Высокая температура, восторженный тон письма поражают. Чехову это мало свойственно – но он был еще очень молод, и дело касалось самого для него важного: литературы. Есть взгляд, что он не был человеком больших чувств. Что касается дружбы, любви, это, в общем, верно. Но не литературы. В нее он входил медленно, с колебаниями, с неуверенной скромностью, в известную же минуту, назначенную каждому настоящему писателю, она ослепила его и заняла всю душу: конечно, семья – "папаша", "мамаша", братцы, сестра оставались, оставалась какая-то, нам неизвестная, мужская жизнь, но все это на третьем месте. Чехов никак не похож на Флобера, кроме единственной черты: если бы ему предстоял выбор между любимой женщиной и литературой, он и не оглянулся бы. У Флобера в молодые годы была Луиза Колэ, которая мешала его литературе, – он и разошелся с ней, но все же не так просто. В молодых годах Чехова никакой Колэ вообще не видно. Видно одно: писание. Все к этому сводится, остальное придаток. В "Скучной истории" профессор говорит, что судьбы костного мозга интересуют его больше, чем цель мироздания. Чехова по-настоящему занимало лишь то, как построить рассказ, как получше написать фразу. (В то глухое время чуть ли не один он и мог говорить, заботиться о музыкальной стороне прозы. Флобера он узнал позже, будто бы ценил. Вряд ли, однако, читал по-французски – русские же переводы Флобера в XIX веке были ужасны, о звуке флоберовской фразы ничего не говорили. Чехов и тут, как во всем, шел одиноко.)

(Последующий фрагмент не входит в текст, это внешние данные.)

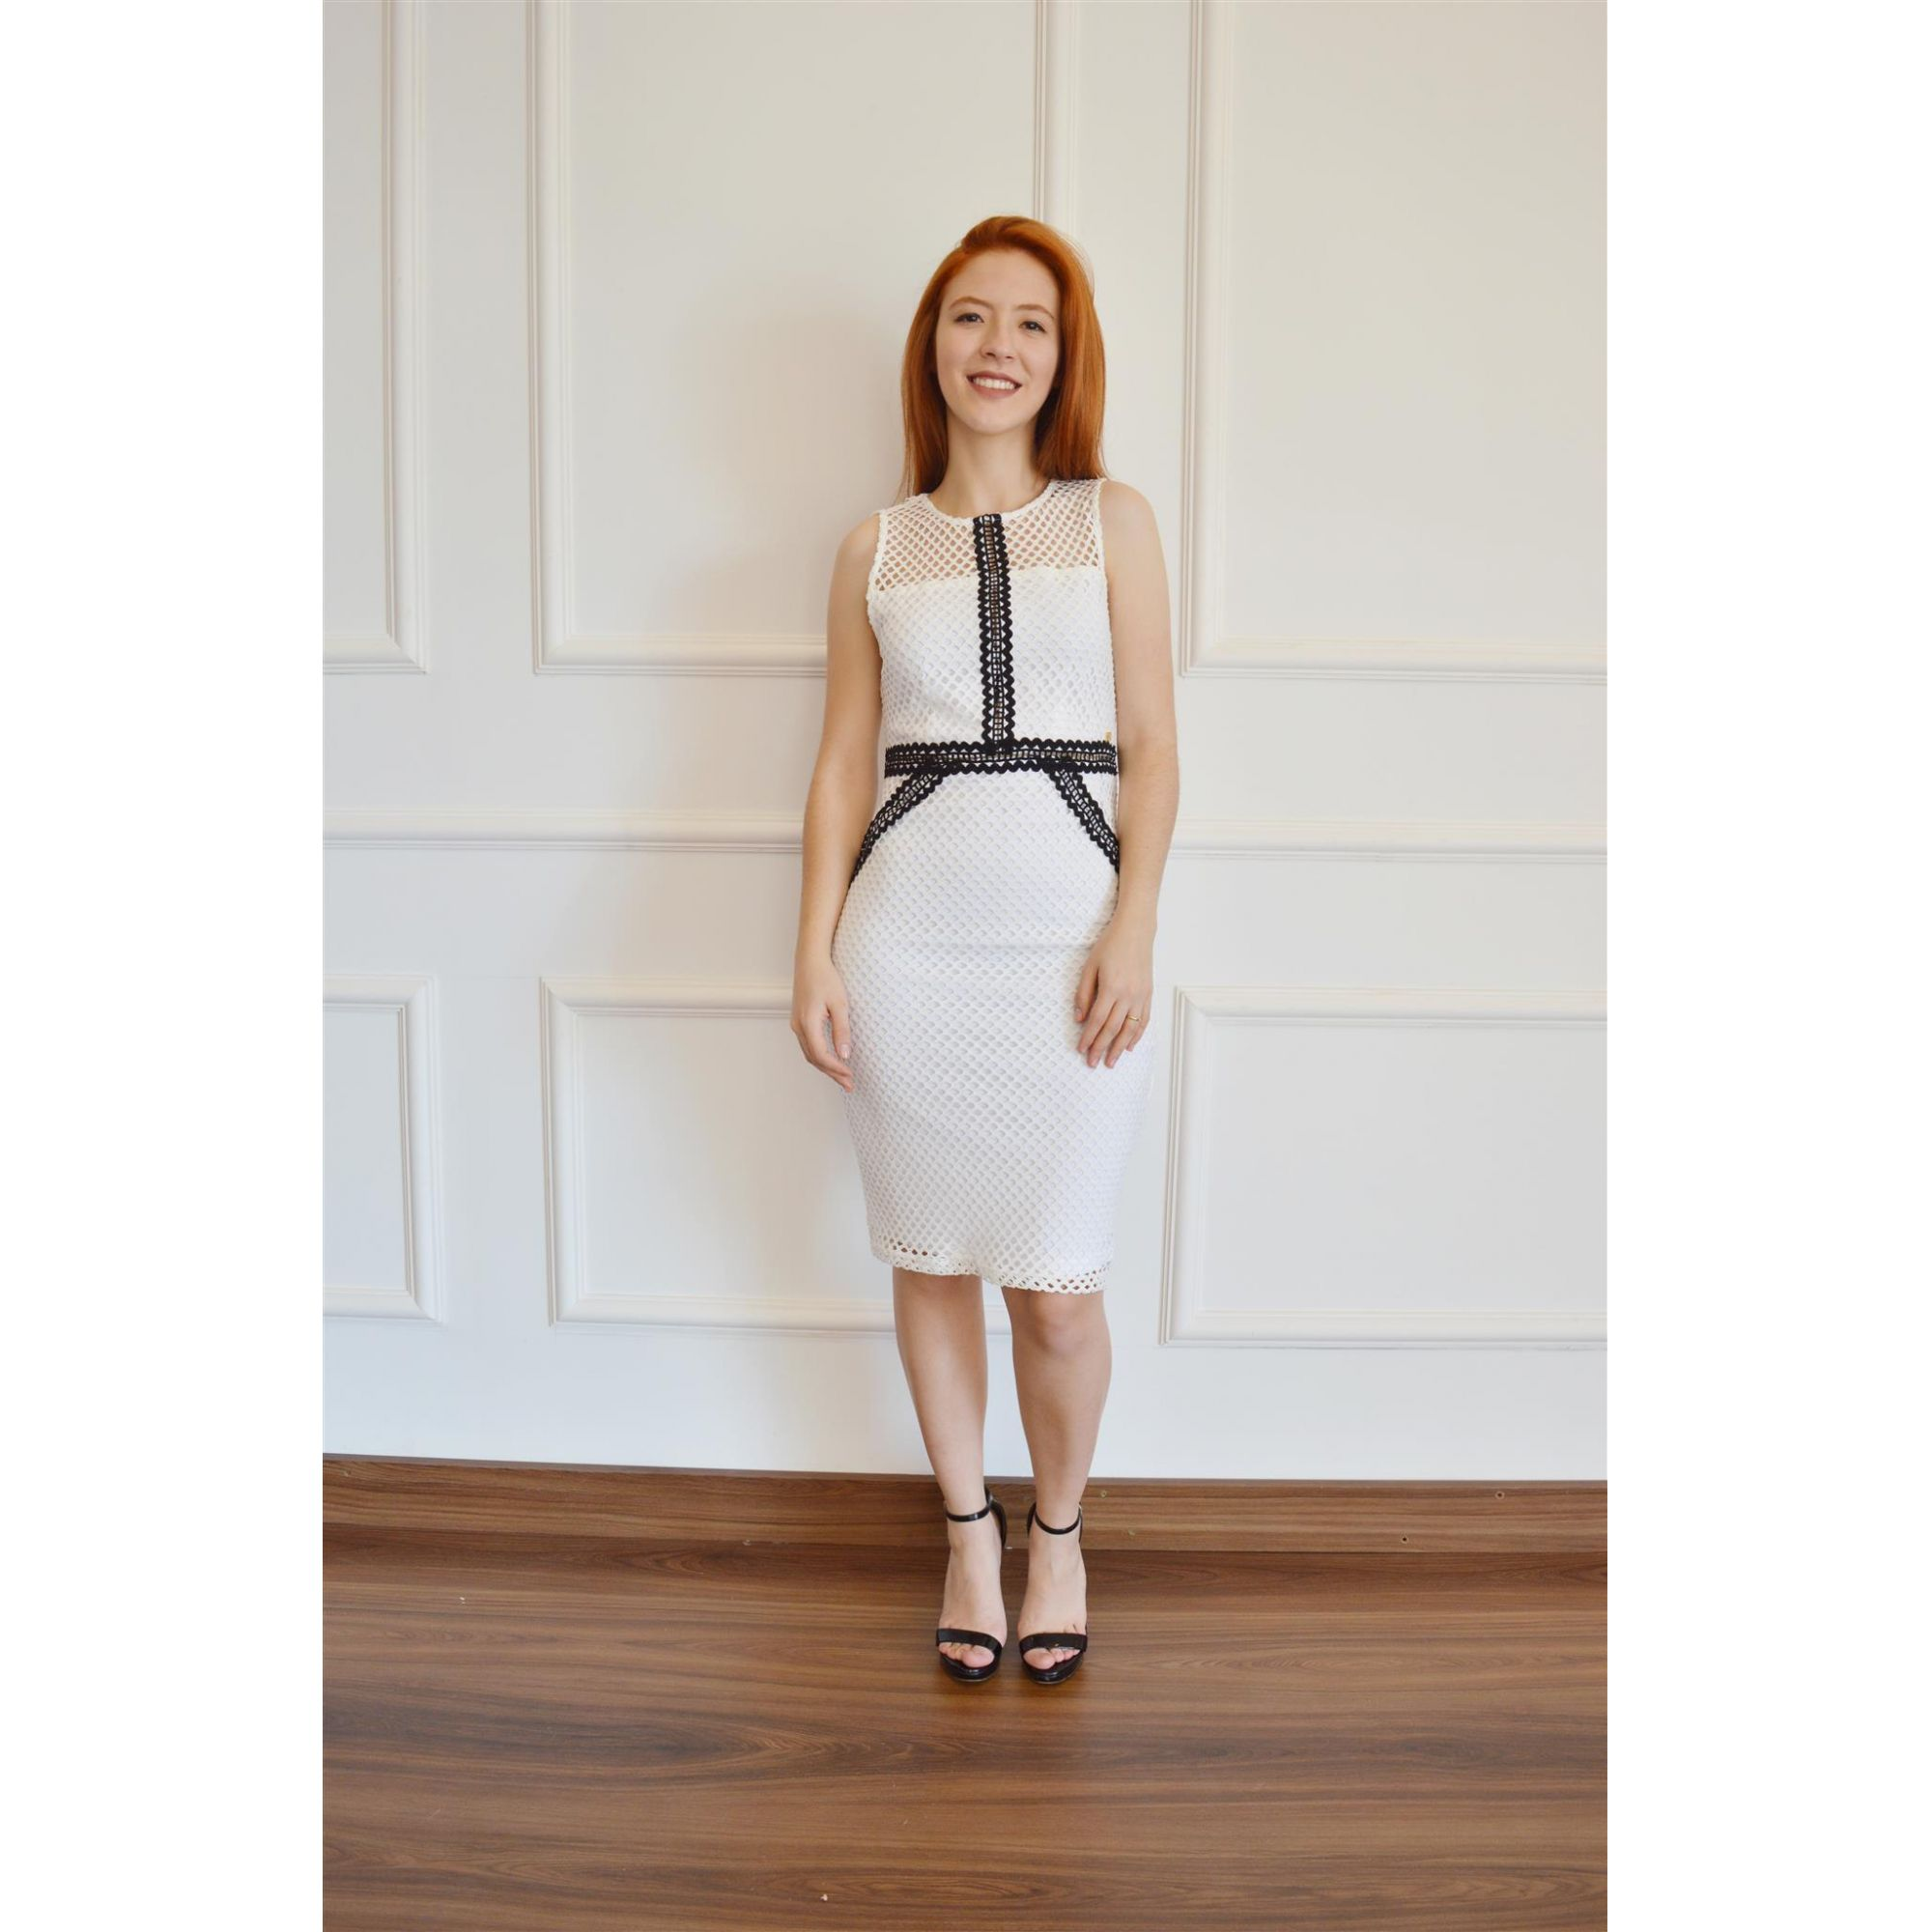 af3c2ff3a ... Vestido Feminino Tubinho Curto Branco Chris Santini ...

С осени 1886 года поселился он в двухэтажном особнячке на Кудринской-Садовой, недалеко от Кудринской площади. По снимку без труда узнаешь этот дом доморощенной архитектуры с шестиугольными как бы башнями – выступами фасада в палисадник. Кажется, были там прослойки красного кирпича, во всяком случае, что-то цветистое, с зеленой крышей, для пестрой Москвы подходящее. Садовая была тогда действительно в садах, т. е. перед домами тянулись сплошные палисадники, кое-где в них кусты, деревца, цветы. Так вокруг всей Москвы (Садовая кольцеобразна, как бы внешние бульвары Парижа).

Дом принадлежал доктору Корнееву, знакомому Чехова. Кабинет в первом этаже, во втором другие комнаты, гостиная, в ней пианино. Там же собиралась молодежь, бывало весело и шумно. Места достаточно, вся семья устроена прилично.